Barely a day goes by without an online network being blamed for worsening mental health, site addictiveness, spreading fake news, fostering echo chambers, or “stealing our data”.
Yet Facebook alone has 2.3bn active users worldwide. In 2016, the average user spent 50 minutes per day on the site.
As someone who has been a member since its UK launch in 2005, I’m acutely aware of its value. The site has revolutionised organising social events, keeping connected with the lives of university friends, and remembering birthdays, as well as providing communication channels for those overseas or temporarily phone-impaired. Oh, and it offers hours of light relief too.
Economic evidence suggests that users generally feel this value.
In previous auction experiments, research has found that an average American user would require being paid over $1,000 per year to deactivate their account.
With Facebook free at the point of use, this suggests that the site generates heaps of “consumer surplus” — a measure of the total gap between our willingness to pay and what we actually do pay.
Yet these days it’s fashionable to dismiss this evidence.
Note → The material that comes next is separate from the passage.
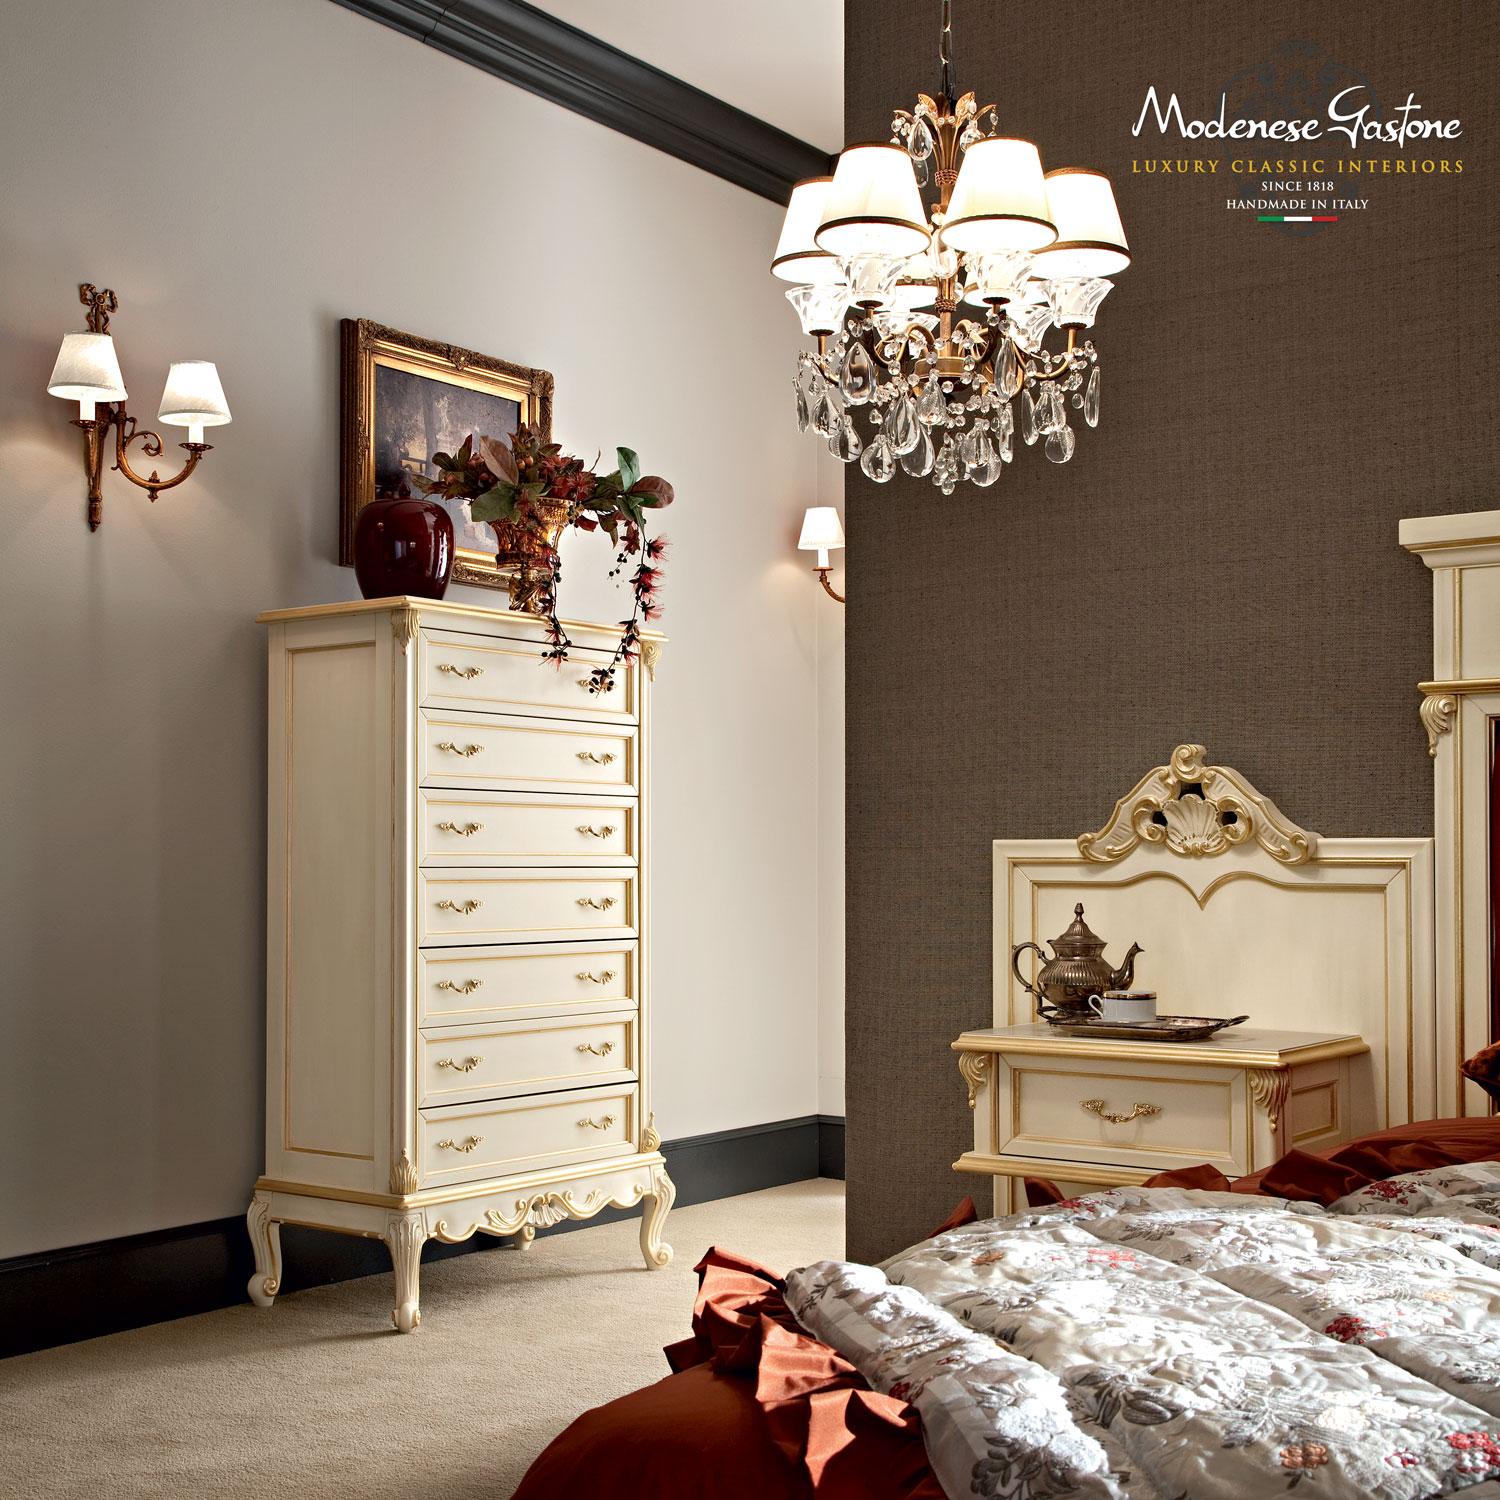 Die Kommode mit 7 Schubladen von Modenese Gastone Luxury Interiors ist eindeutig maßgeschneidert. Zu den hochwertigen Dekorationen gehören ansprechende Radica-Holzoberflächen und Blattsilberverzierungen an den Kanten, barocke Schnitzereien und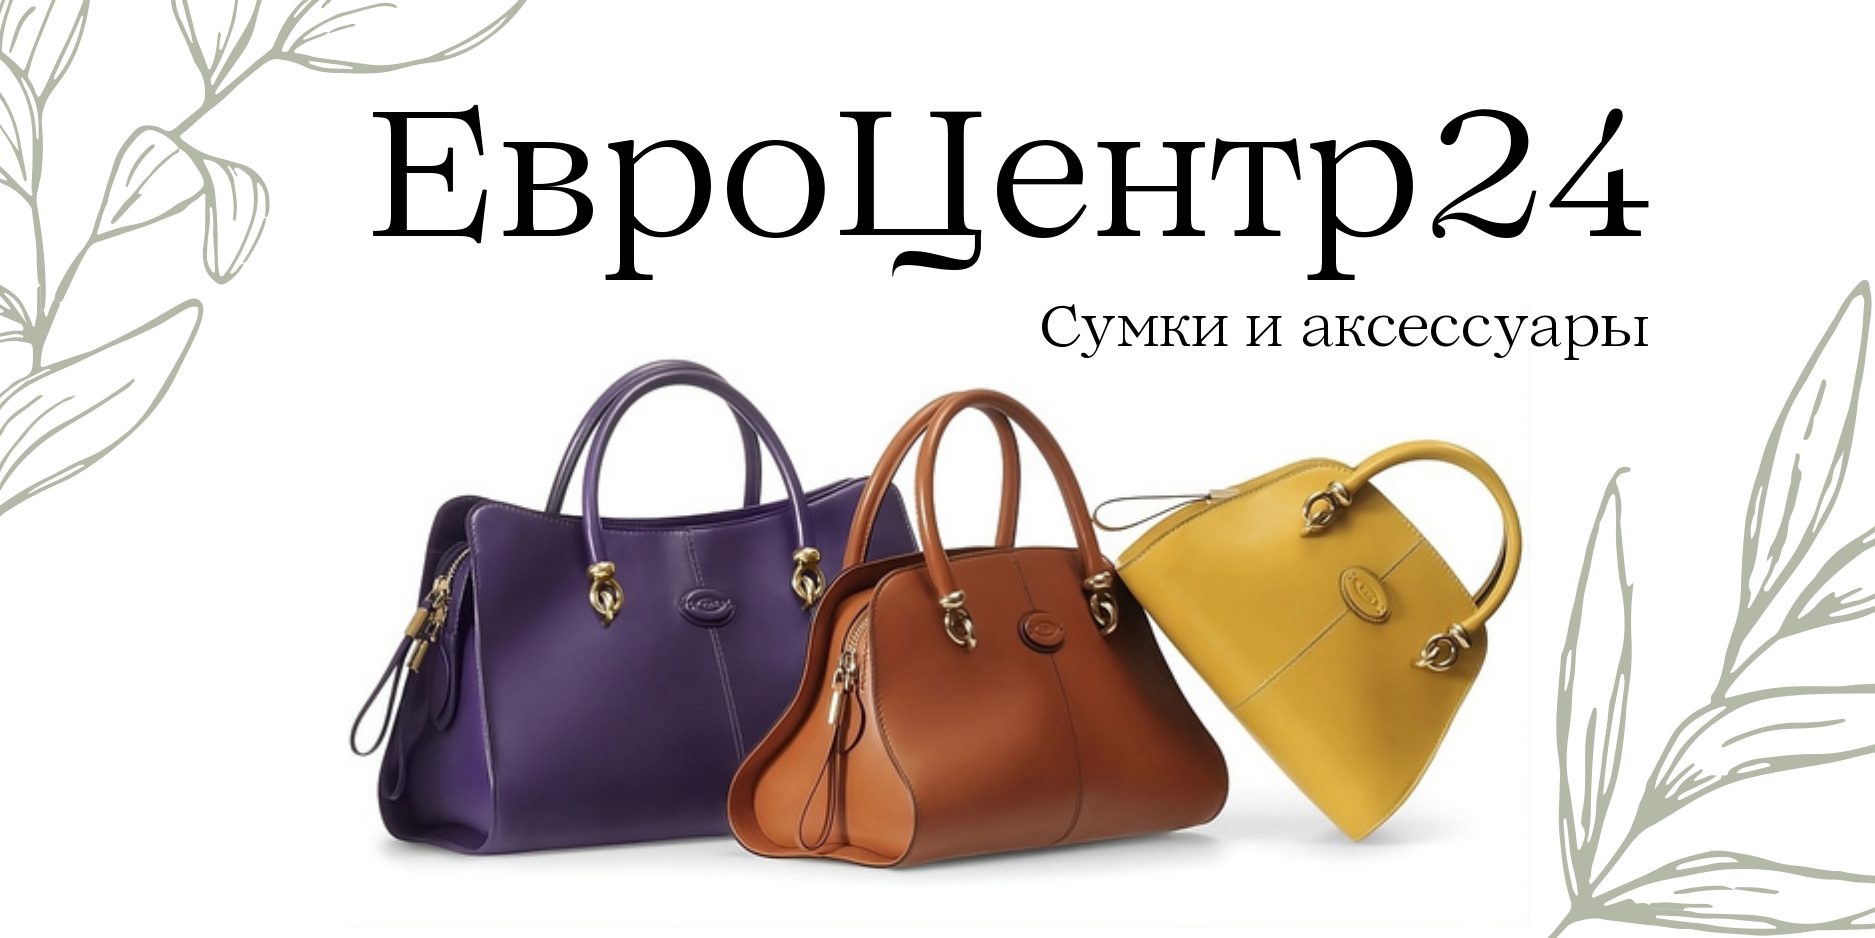 Магазин сумок и аксессуаров "ЕвроЦентр24"

Despite new, under-reported research suggesting that the “fake news” problem may be firmly on the decline, panicked headlines imply that we are all irrational and do not know what is truly good for us.
If we deactivated, might we realise we were really better off without Facebook?
A fascinating new study from economists Hunt Allcott, Luca Braghieri, Sarah Eichmeyer, and Matthew Gentzkow allows us to assess exactly this question, as well as many other controversies involving Mark Zuckerberg’s brainchild.
In the run-up to the US midterm elections in November 2018, these economists used Facebook display ads to ask Americans how much money they would accept to deactivate their account.
They then took all those who said they’d be willing to deactivate for $102 or less, and split them into one group that was paid to do so for a month, and one group that was not.
This “treatment” group and “control” group provided samples for surveys on self-reported wellbeing, internet use, social activities, and much else to assess common critiques of the network.
The results are interesting. Those paid to deactivate spent less time online or on other social media sites, substituting towards watching more TV or time with friends and family. Facebook does indeed crowd out, to some extent, other forms of social activity or hobbies.
But more time off Facebook meant that this treatment group self-reported spending 15 per cent less time consuming news.
Contrary to perceptions about Facebook being full of pointless dog videos, deactivation appeared to significantly reduce people’s news knowledge and attention to politics. Though deactivation made people less polarised on policy issues, this came at the expense of knowing basic facts.
The treatment group reported spending, on average, 12 minutes less time per day on Facebook even after the experiment was complete. This suggests that, for some of us, at least, Facebook is habit-forming, and it might do us good to cut back.
Yet the users paid to deactivate were also more likely than the control group to say that people would miss Facebook if they used it less. Those with direct experience of going without it recognised its benefits the most.
At the end of the month, the researchers asked again how much people in both groups would be willing to accept to deactivate for another month.
The sum fell by up to 13 per cent — some people did in fact revise their valuations in light of some positive deactivation experiences.
But importantly, these valuations were still large, and suggest that, for most users, Facebook would still generate huge consumer surplus.
Yes, Facebook has some negative side effects, as do most activities. But amid current controversies, it’s easy to lose sight of the fact that most users value it highly.
Every day, billions of us show this by voting with our clicks.